Whinney recognized her and nickered softly. Feeling her way in the dark, guided by the mare's snorting and blowing, Ayla found the horse.
"Is everything all right, Whinney? Are you comfortable? And Racer? Probably no more than I am," Ayla said, with thoughts as much as with the private language she used when she was with the horses. Whinney tossed her head, prancing delicately, then rested her head across the woman's shoulder as Ayla wrapped her arms around the shaggy neck and laid her forehead against the horse who had been her only companion for so long. Racer crowded in close and all three clung together for a moment of respite from all the unfamiliar experiences of the day.
After Ayla assured
herself that the horses were fine, she walked down to the edge of the river. It felt good to be out of the lodge, away from people. She took a deep breath. The night air was cold and dry. Sparks of static crackled through her hair as she pushed back her fur-lined hood, stretched her neck and looked up.

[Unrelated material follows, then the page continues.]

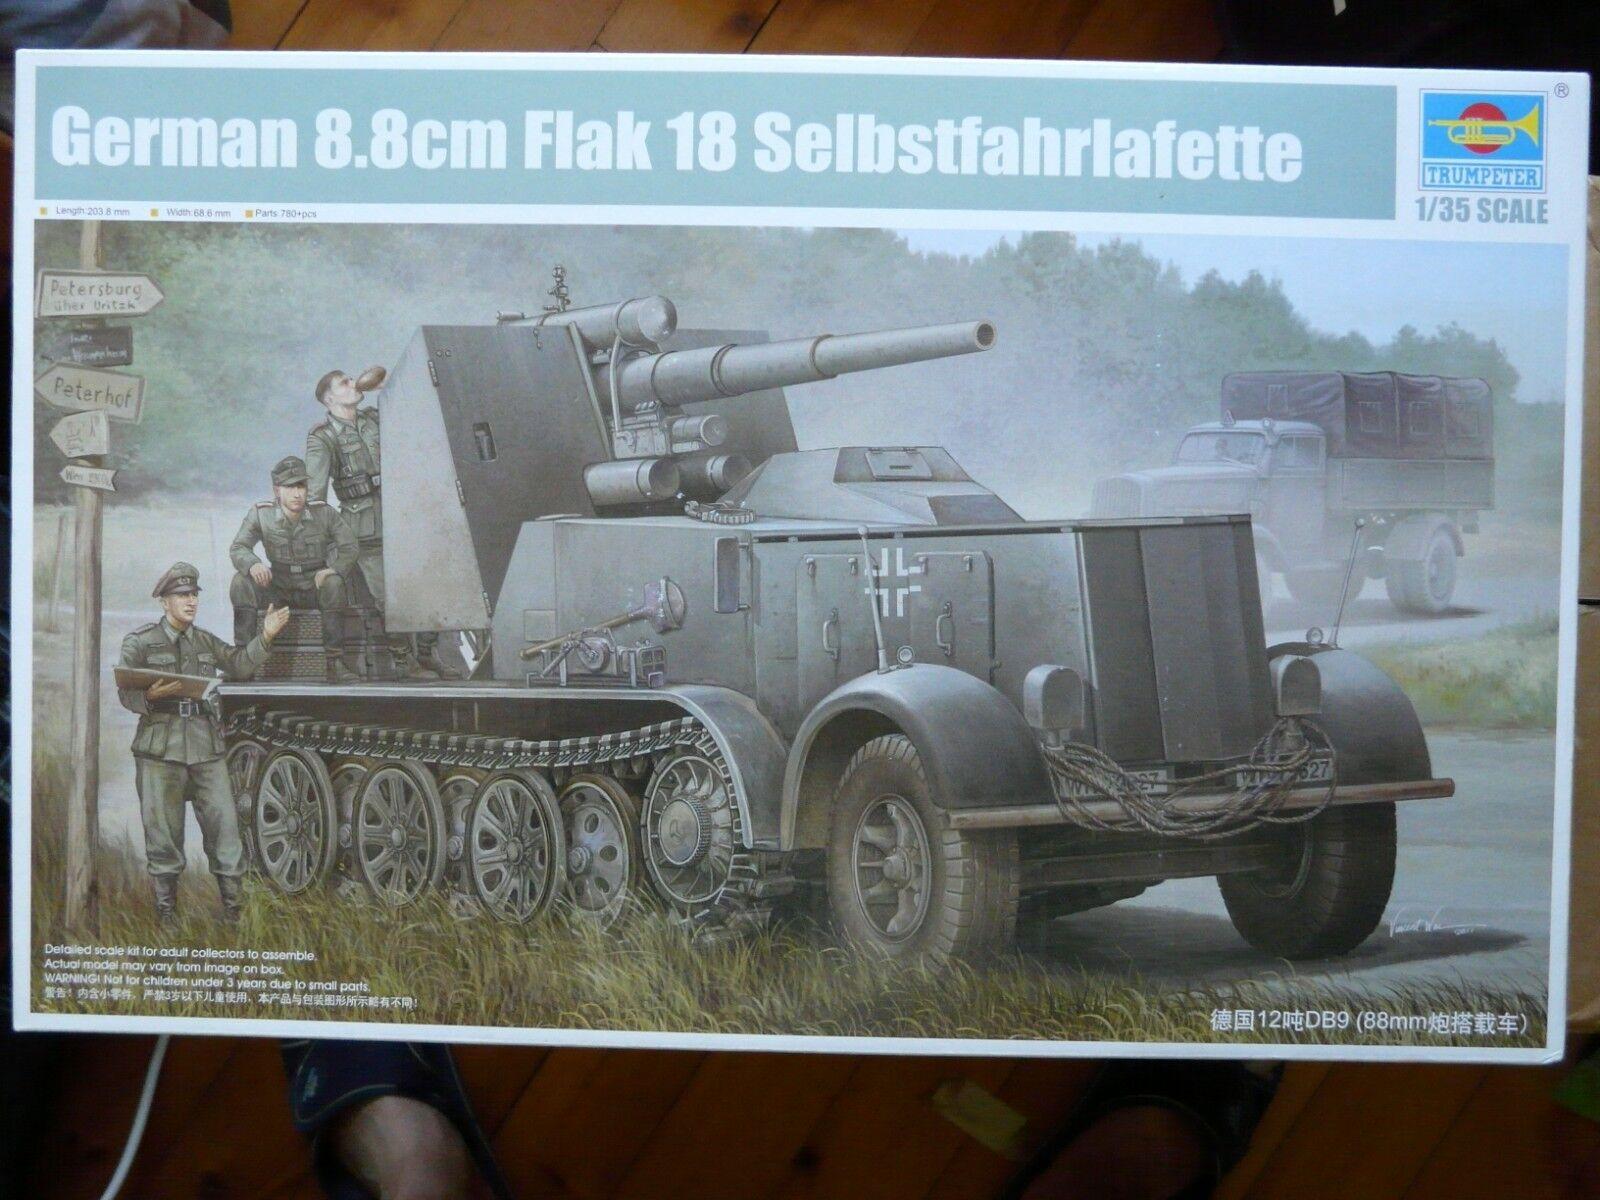 punto de venta barato Maquette WWII 1 35 TRUMPETER German German German 8.8cm Flak 18 Selbstfahrlafette 01585  ¡envío gratis!

The new moon, avoiding the great companion that held it tethered, had turned its shining eye out upon the distant depths whose whirling lights tantalized with promises of boundless freedom, but offered only cosmic emptiness. High thin clouds cloaked the fainter stars, but only veiled the more determined with shimmering halos, and made the sooty black sky feel close and soft.
Ayla was in a turmoil, conflicting emotions pulling at her. These were the Others she had looked for. The kind she had been born to. She would have grown up with people like them, comfortable, at home, if it hadn't been for the earthquake. Instead she had been raised by the Clan. She knew Clan customs, but the ways of her own people were strange. Yet if it hadn't been for the Clan, she wouldn't have grown up at all. She couldn't go back to them, but she didn't feel that she belonged here, either.
These people were so noisy, and disorderly. Iza would have said they had no manners. Like that Frebec man, speaking out of turn, without asking permission, and then everyone yelling and talking at once. She thought Talut was a leader, but even he had to shout to make himself heard. Brun would never have had to shout. The only time she ever heard him shout was to warn someone of impending danger. Everyone in the clan kept the leader at a certain level of awareness; Brun had only to signal, and within heartbeats, he would have had everyone's attention.
She didn't like the way these people talked about the Clan, either, calling them flatheads and animals. Couldn't anyone see they were people, too? A little different, maybe, but people just the same. Nezzie knew it. In spite of what the rest said, she knew Rydag's mother was a woman, and the child to whom she gave birth only a baby. He's mixed, though, like my son, Ayla thought, and like Oda's little girl at the Clan Gathering. How could Rydag's mother have had a child of mixed spirits like that?